The 2 tracks on the AGIBOT World Problem 2026 mirrored the broader evolution of embodied AI from process execution towards understanding, prediction, and decision-making, based on AGIBOT.
The Reasoning to Motion (R2A) observe evaluated how robots perceive duties, plan actions, and execute them in bodily environments. The R2A observe, upgraded from the 2025 Manipulation observe, expanded the analysis from motion execution to the total strategy of surroundings understanding, process planning, and bodily execution.

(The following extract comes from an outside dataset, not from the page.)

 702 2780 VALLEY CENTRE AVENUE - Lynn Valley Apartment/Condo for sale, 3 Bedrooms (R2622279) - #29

The World Mannequin (WM) observe targeted on how AI methods predict physical-world modifications and mannequin interactions based mostly on robotic actions and sensor inputs.
Groups skilled reasoning-and-manipulation fashions utilizing the AGIBOT WORLD open-source dataset and evaluated them by way of Genie Sim 3.0, with the benchmark masking language understanding, spatial reasoning, atomic abilities, disturbance adaptation, and zero-shot switch.

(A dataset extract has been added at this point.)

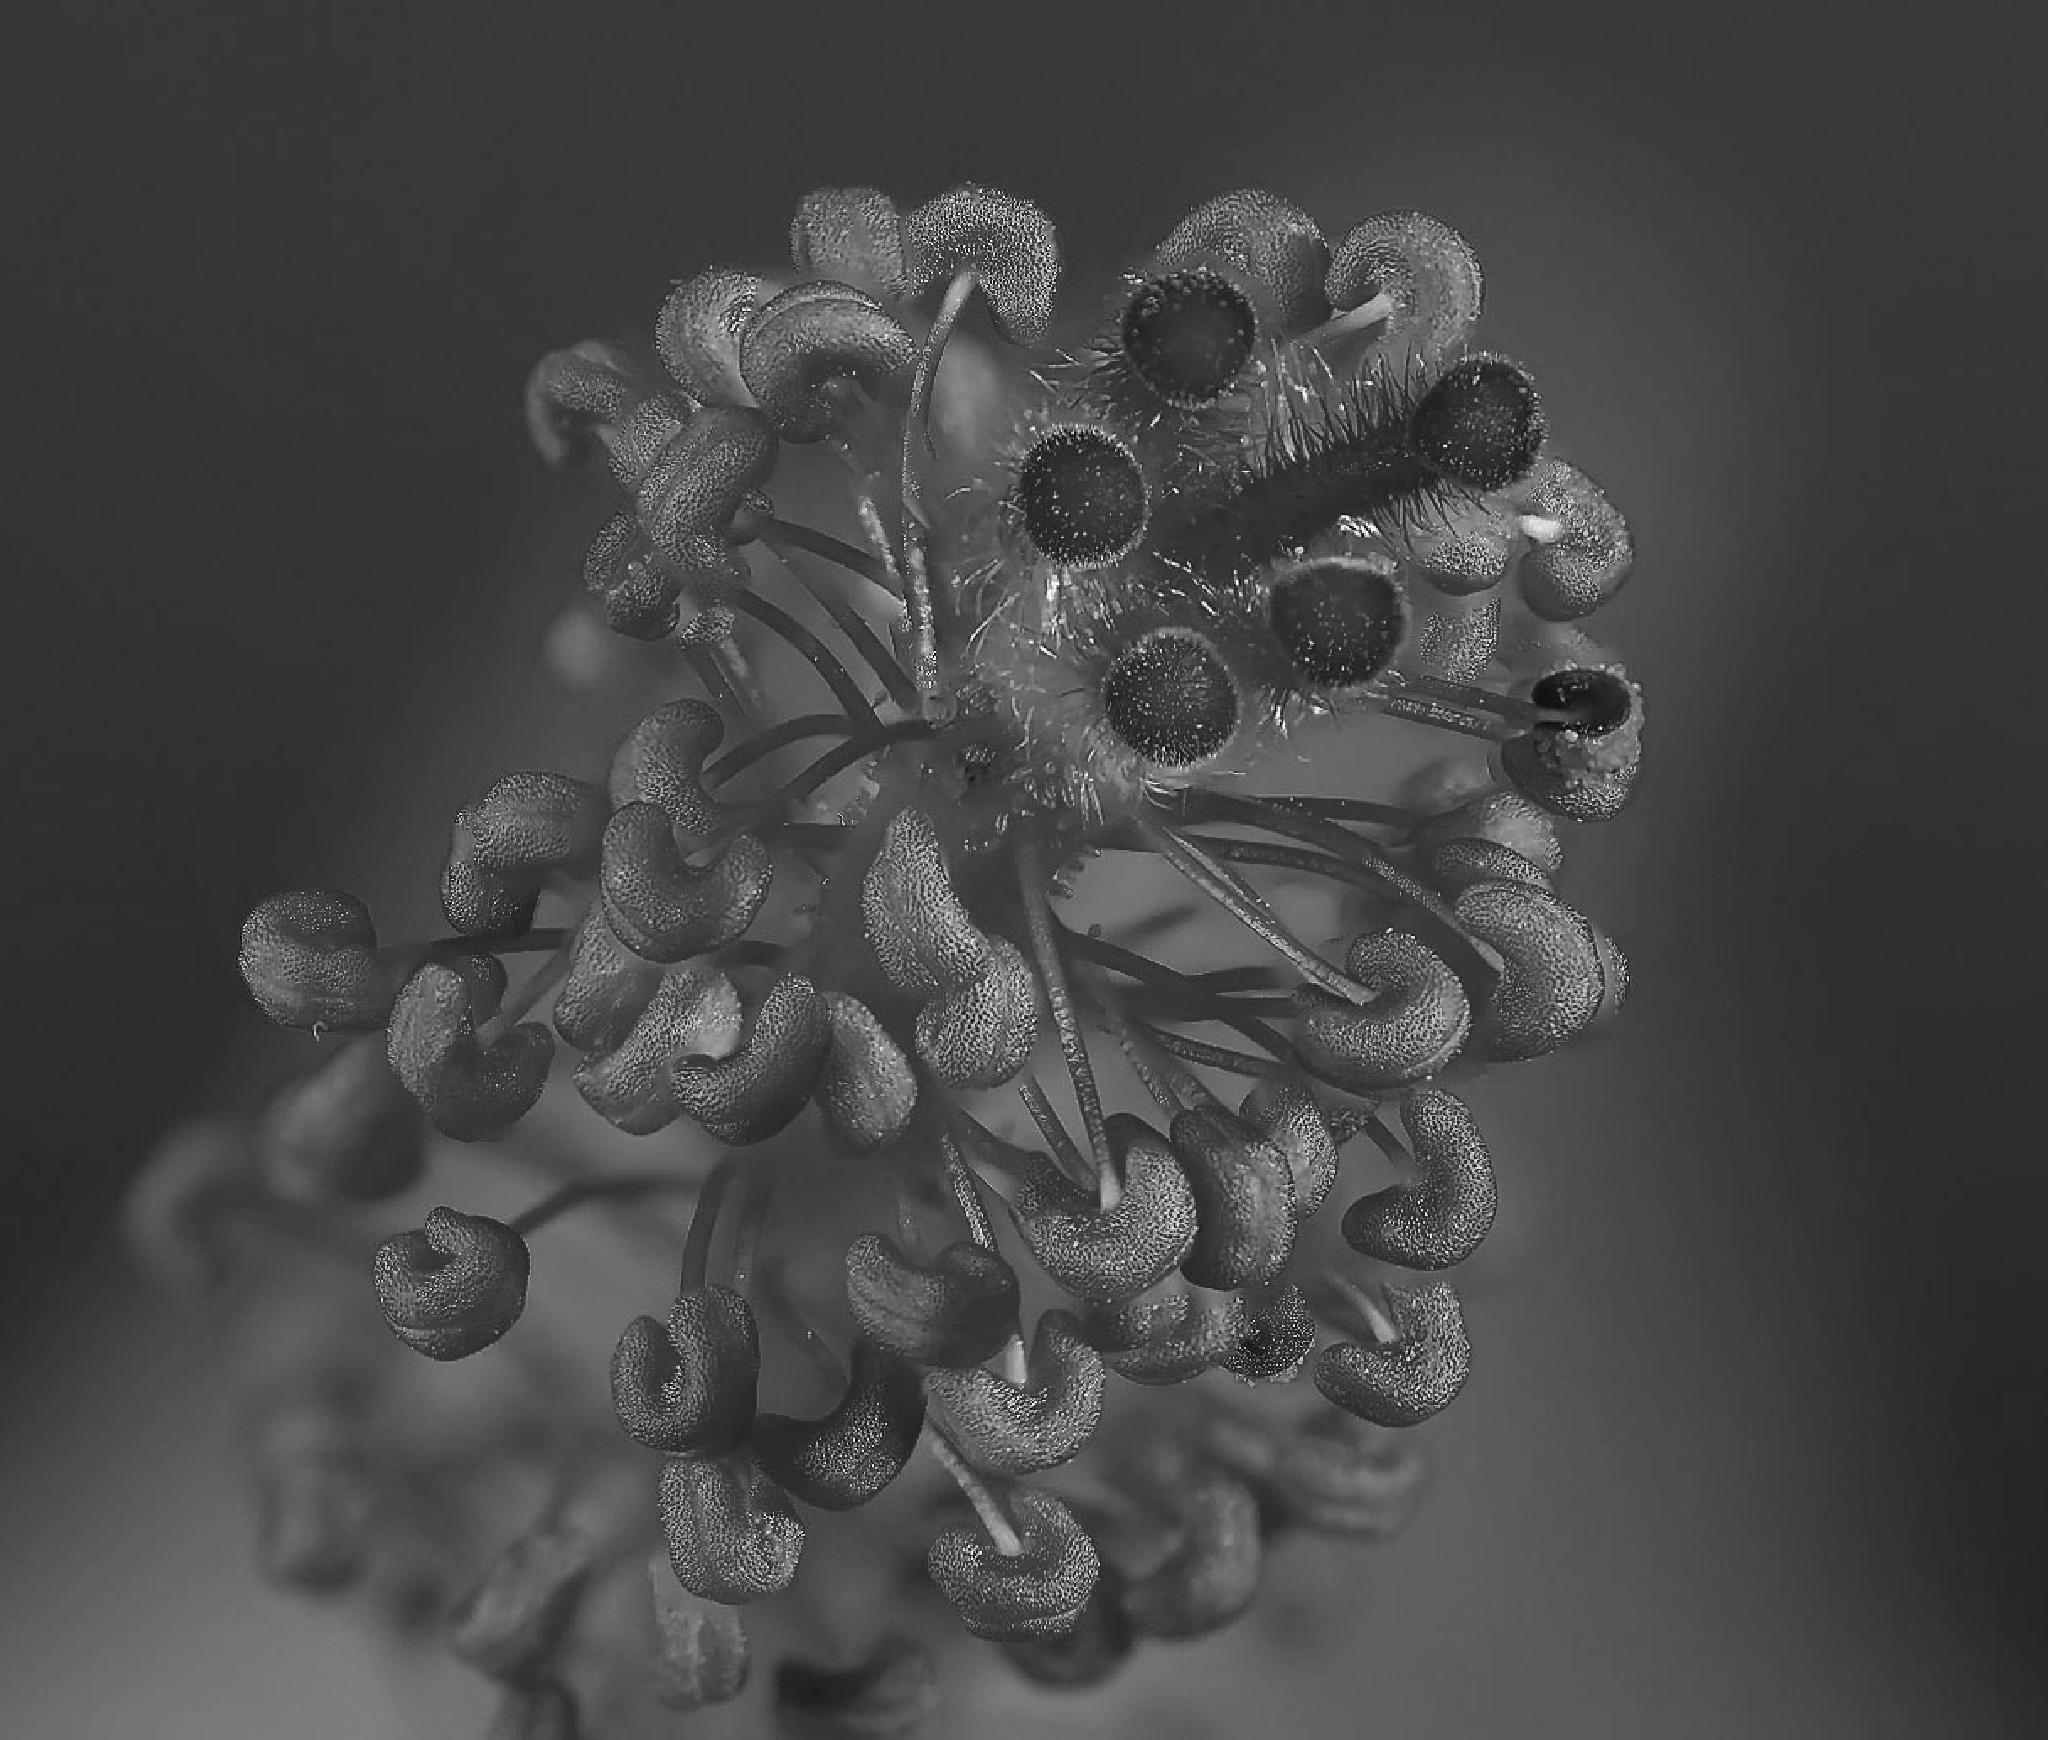 Hibiscus pistil by cristian.negrus

Within the ultimate rating, PrismBot from vivo received the championship with 43.47 factors, adopted by Shanghai RoboParty’s RP-VLA with 35.66 factors and Russia’s GreenVLA with 33.19 factors.
AGIBOT targets grocery store duties with the problem
Alongside the competitors, AGIBOT and Dexmal launched a grocery store benchmark observe targeted on end-to-end decision-making and whole-body management. This observe integrated non-ideal bodily interactions, together with object drops and greedy failures, to higher replicate the complexity of real-world interplay and supply a extra sensible analysis framework for world mannequin analysis.
Set in a sensible retail surroundings, the observe required fashions to finish the total cellular manipulation course of, from autonomous navigation and merchandise selecting to merchandise transport and placement, beneath bodily constraints reminiscent of shelf peak limits and randomized merchandise placement. By means of API-based distant management, contributors’ algorithms instantly managed actual robots, making a sensible benchmark for evaluating embodied intelligence in deployment-oriented eventualities.
Within the World Mannequin (WM) observe, NeoVerse-ABot, a joint group from the Institute of Automation of the Chinese language Academy of Sciences, and Amap CV Lab, received first place. The PAI@IAII group from the Institute of Industrial Synthetic Intelligence on the Chinese language Academy of Sciences, ranked second. The Loop group from the College of Science and Know-how of China positioned third.
With the World Problem, AGIBOT hoped to contribute to a extra sensible and reproducible analysis framework for embodied AI. | Supply: AGIBOT
AGIBOT releases full-stack toolchain for robotic validation
Past the competitors itself, AGIBOT opened a full-stack toolchain masking real-world knowledge, simulation analysis, and real-robot testing. The toolchain included the AGIBOT WORLD open-source dataset, Genie Sim 3.0, and the AGIBOT G2 robotic platform, serving to builders validate fashions throughout the trail from coaching to simulation and bodily deployment.
EWMBench and Genie Sim Benchmark supported standardized metrics, automated analysis, and comparable outcomes throughout simulation and bodily testing. They addressed widespread challenges reminiscent of inconsistent analysis standards and the hole between simulated efficiency and real-world deployment.
AGIBOT stated it’ll combine the technical and ecosystem assets developed by way of the competitors with its ongoing benchmark improvement and open-source efforts. The corporate additionally plans to launch an internet simulation leaderboard, introduce extra take a look at duties and diversified benchmarks, and help extra complete quantitative analysis of mannequin capabilities.
As well as, AGIBOT stated it’ll proceed to refine its benchmarks and full-stack toolchain, working with international analysis establishments, builders, and trade companions. Its acknowledged purpose is to assist embodied AI transfer from particular person algorithmic advances towards methods that may be deployed and scaled in real-world settings.
In different benchmark information, Fraunhofer IPA final month provided a brand new take a look at benchmark for humanoid robots, and NIST proposed its personal baseline efficiency benchmark for humanoids.